Antiulcerogenic activity of Scutia buxifolia on gastric ulcers induced by ethanol in rats

Abstract

Gastric ulcers affect many people around the world and their development is a result of the imbalance between aggressive and protective factors in the gastric mucosa. Scutia buxifolia, commonly known as coronilha, has attracted the interest of the scientific community due to its pharmacological properties and its potential therapeutic applications. In this study, the preventive effects of the crude extract of Scutia buxifolia (ceSb) against gastric ulcer induced by 70% ethanol were evaluated in male Wistar rats. In addition, the composition of ceSb was clarified by high-performance liquid chromatography (HPLC). S. buxifolia extract (100, 200 and 400 mg/kg body weight) attenuated oxidative and histopathological features induced by ethanol. Moreover, all evaluated doses of ceSb caused significant (P<0.001 and P<0.0001) and dose-dependent increase in sulfhydryl groups (NPSH) levels, catalase (CAT) and superoxide dismutase (SOD) activities. Furthermore, the administration of ceSb reversed the increase in lipid peroxidation produced by ethanol. The protective effect of the extract could be attributed to antioxidant compounds present in the ceSb, such as flavonoids and phenolic acids, which were quantified by HPLC. Thus, an antioxidant effect of the extract leads to a protection on gastric tissue. These results indicate that S. buxifolia could have a beneficial role against ethanol toxicity by preventing oxidative stress and gastric tissue injury.

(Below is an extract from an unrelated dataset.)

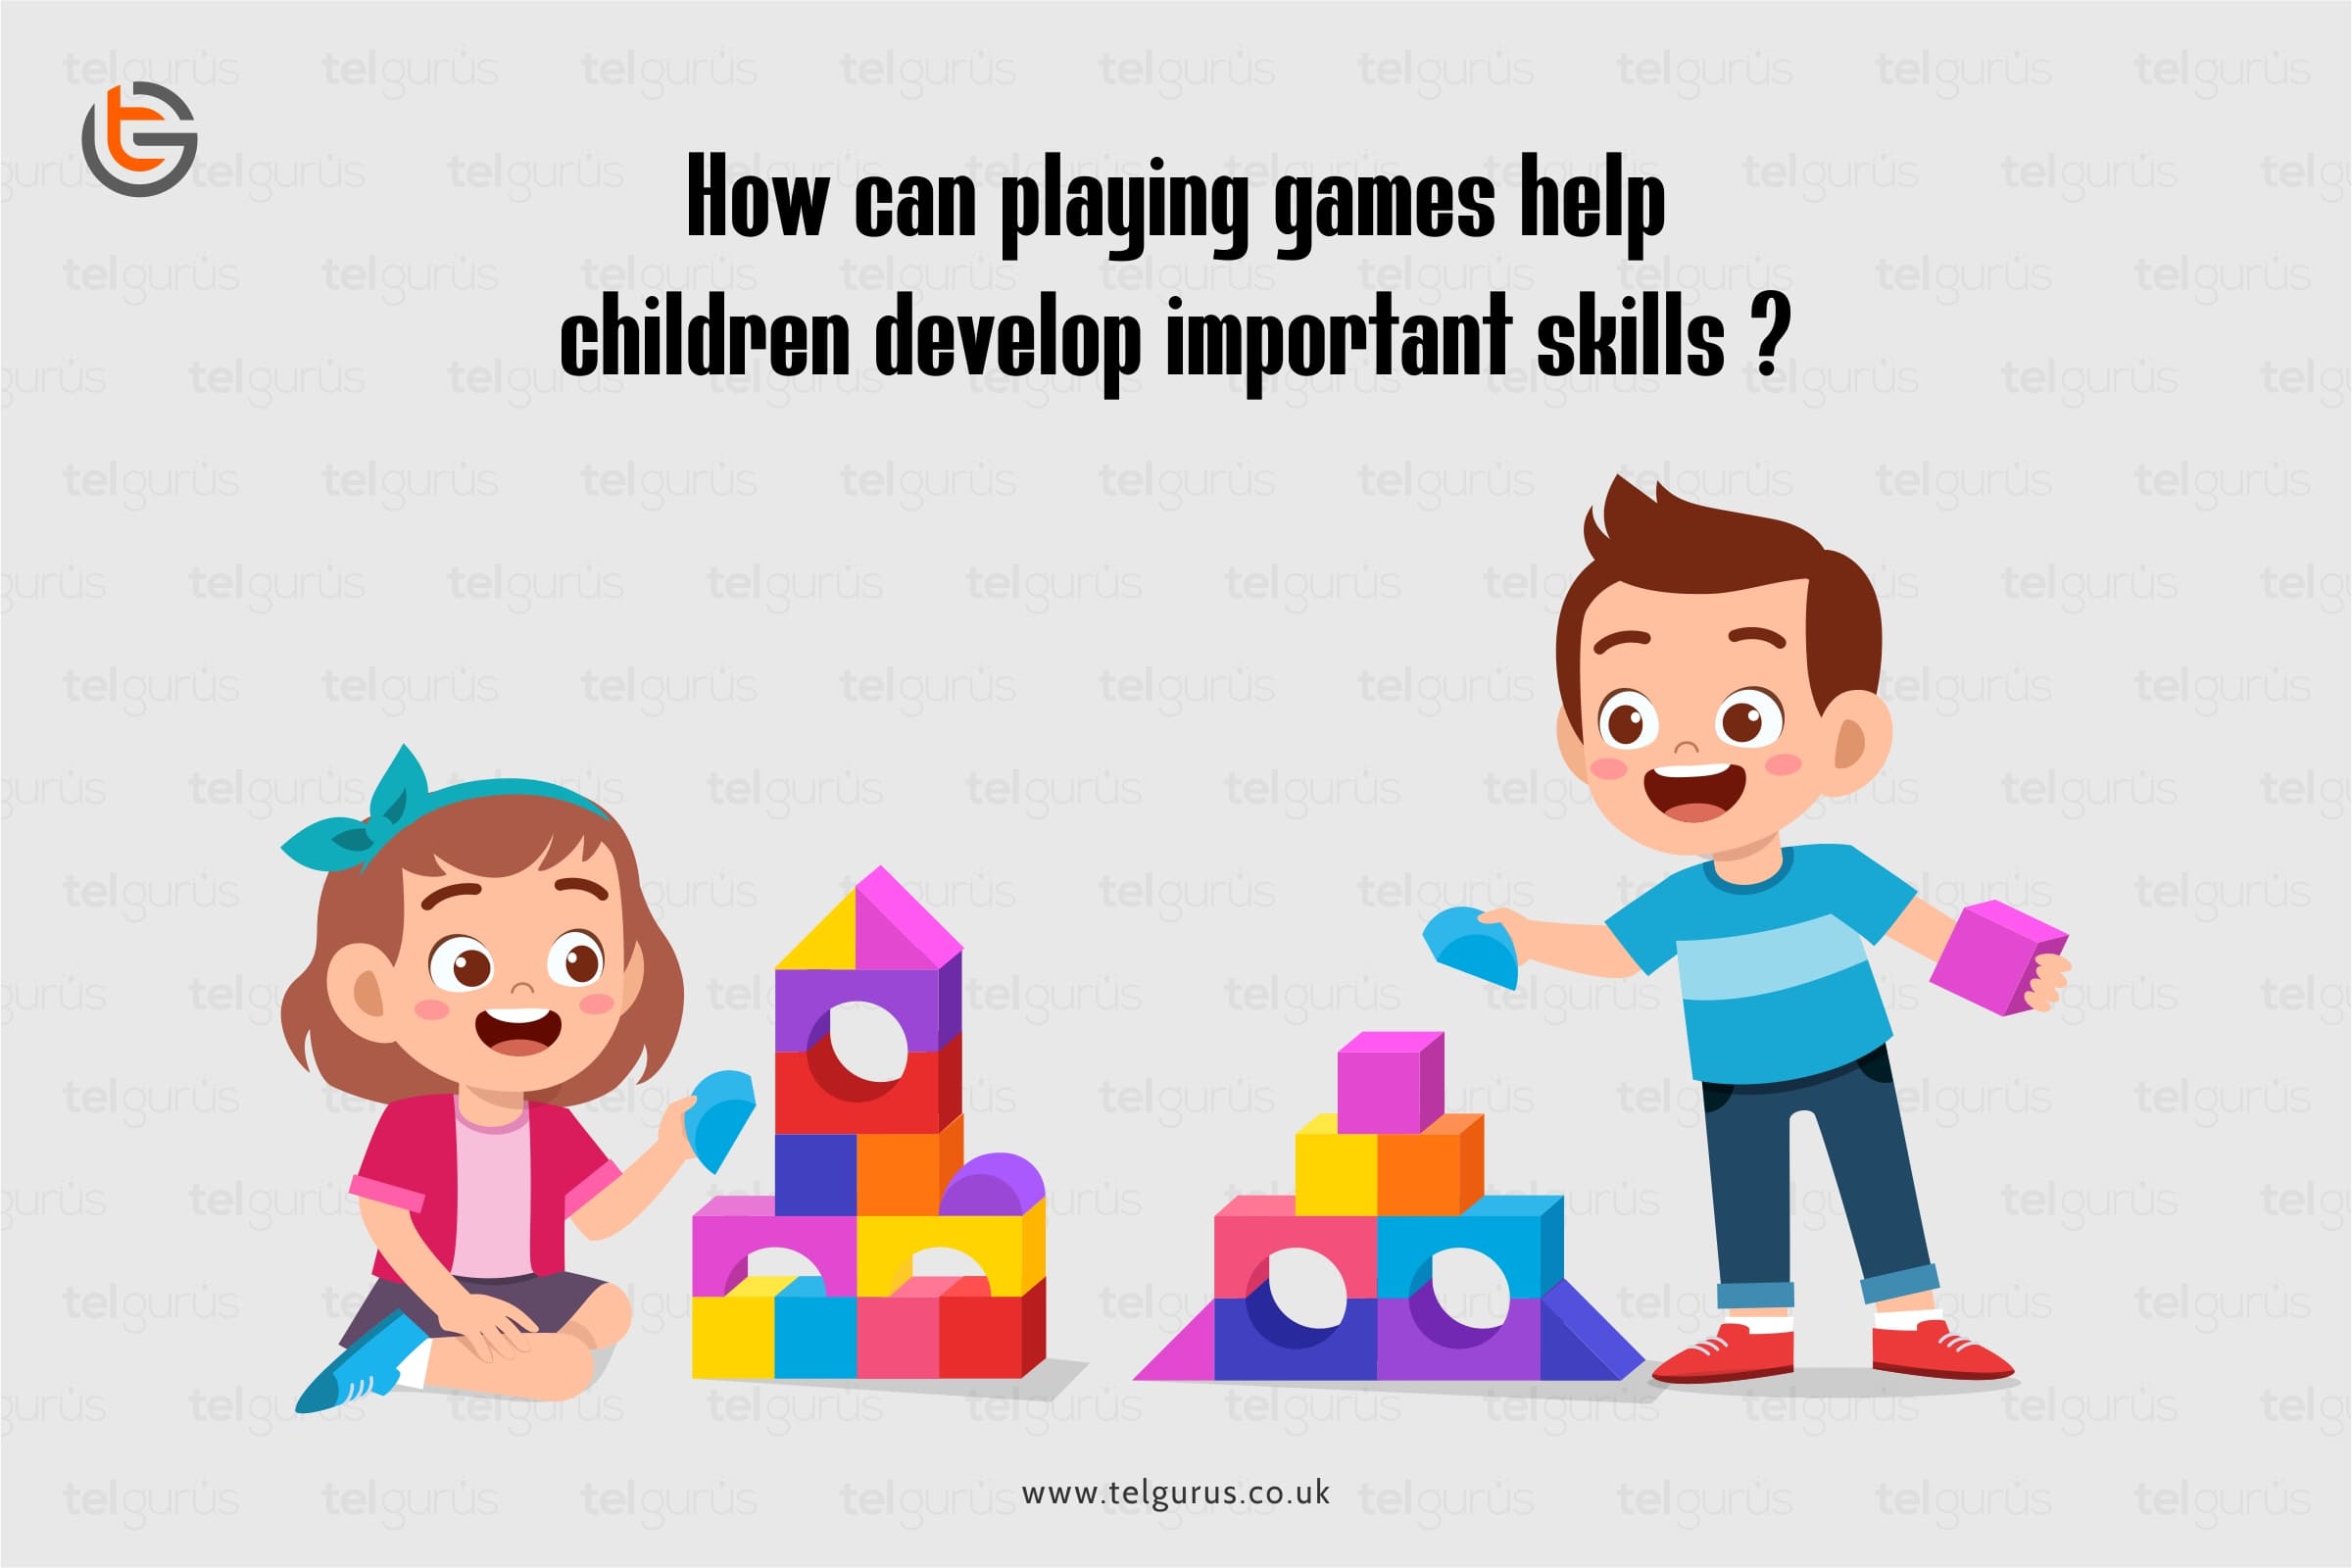 How can playing games help children develop important skills
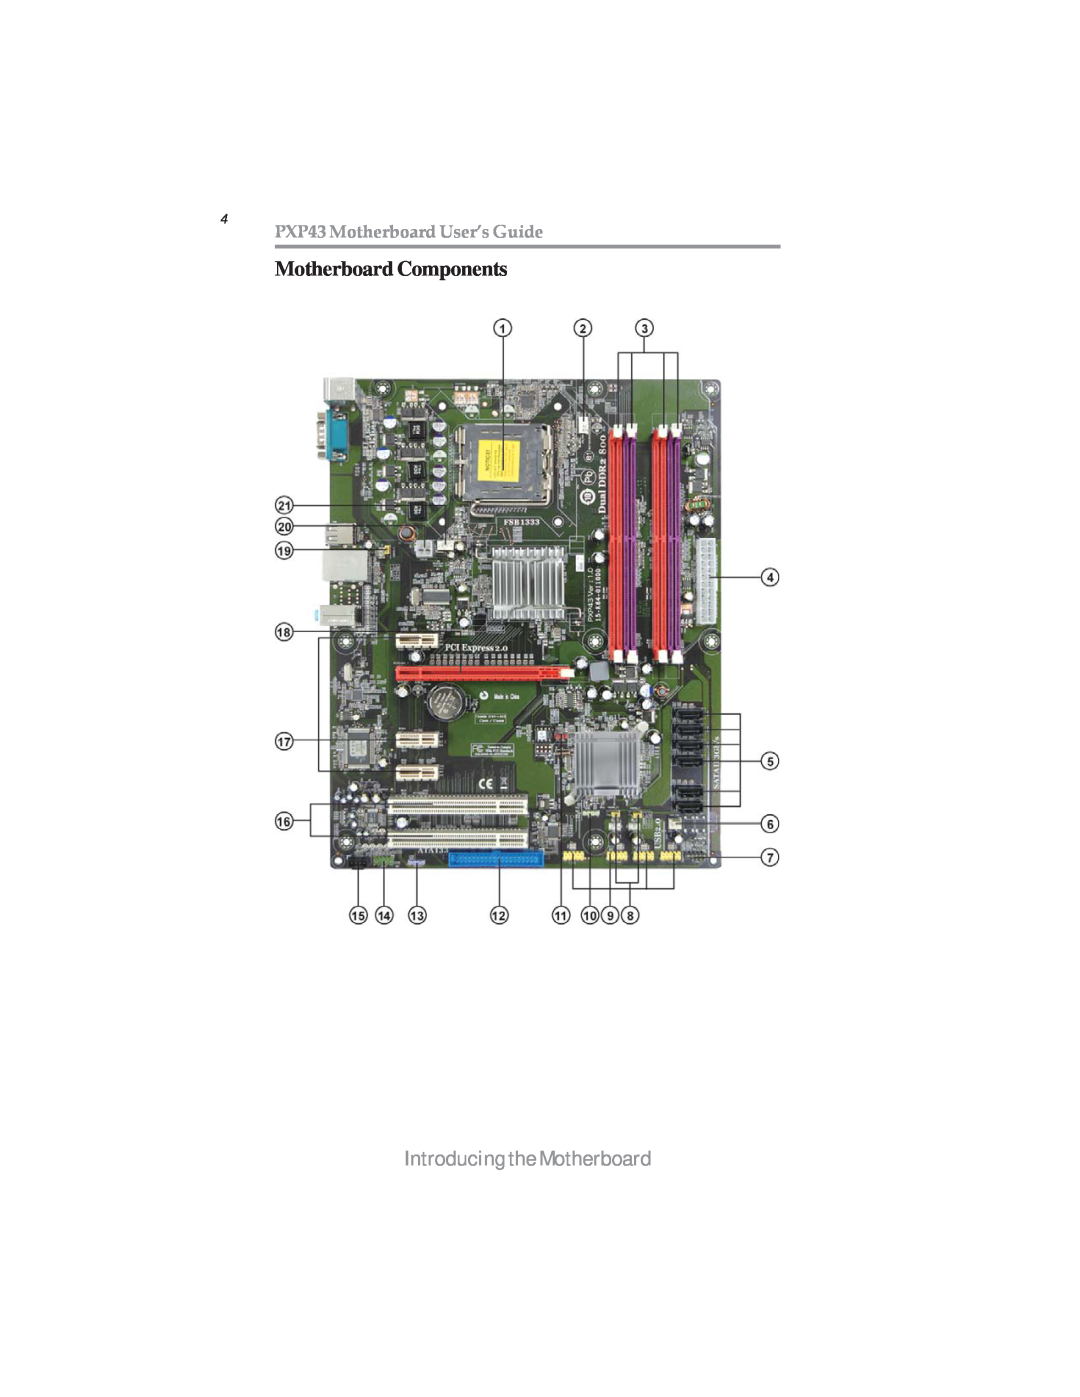 Microsoft manual Motherboard Components, 4 PXP43 Motherboard User’s Guide, Introducing the Motherboard

Keywords: Antioxidant; Gastric ulcer; HPLC; Scutia buxifolia.

Graphical abstract

Figure 1

High performance liquid chromatography (HPLC) chromatogram of Scutia buxifolia crude extract. Gallic acid (peak 1), chlorogenic acid (peak 2), caffeic acid (peak 3), rutin (peak 4), quercetin (peak 5) and kaempferol (peak 6).

Figure 2

Demonstrative images of stomachs from all experimental groups. Observe images from control group (A), ethanol group (B) omeprazole control group (C), omeprazole+ethanol group (D), 100 mg/kg ceSb control group (E), 100 mg/kg ceSb+ethanol group (F), 200 mg/kg ceSb control group (G), 200 mg/kg ceSb+ethanol group (H), 400 mg/kg ceSb control group (I) and 400 mg/kg ceSb+ethanol group (J).

Figure 3

Color (A), petechiae (B), edema (C), hemorrhage (D) and mucus loss (E) indexes (magnification of 10×) of stomach from rats treated with ethanol and/or omeprazole or Scutia buxifolia extract. Data are means+SD (n=6). Significant difference when compared to water control group (^*P<0.01); significant difference when compared to ethanol control group (^#P<0.01, ^##P<0.001).

Figure 4

Representative histology (magnification of 100×; A–J) and histopathological damage score of gastric tissue from animals treated with ethanol and/or Scutia buxifolia extracts (L). Control group (A), ethanol group (B), omeprazole control group (C), omeprazole+ethanol group (D), 100 mg/kg ceSb control group (E), 100 mg/kg ceSb+ethanol group (F), 200 mg/kg ceSb control group (G), 200 mg/kg ceSb+ethanol group (H), 400 mg/kg ceSb control group (I) and 400 mg/kg ceSb+ethanol group (J). In panel L, the score 0 indicates absence of negative features (edema, erosion, ulceration and necrosis) while score 3 indicates severe negative features. Data are means±SD (n=5–6). Significant difference when compared to water control group (^*P<0.01); significant difference when compared to ethanol control group (^#P<0.001).

Figure 5

Thiobarbituric acid reactive substances – TBARS (A), sulfhydryl groups – NPSH (B), CAT activity (C) and SOD activity (D) levels of gastric tissue from rats treated with ethanol and/or omeprazole or Scutia buxifolia extract. Data are means±SEM (n=5–9). Significant difference when compared to water control group (^*P<0.01; ^**P<0.001). Significant difference when compared to ethanol control group (^#P<0.01, ^##P<0.001).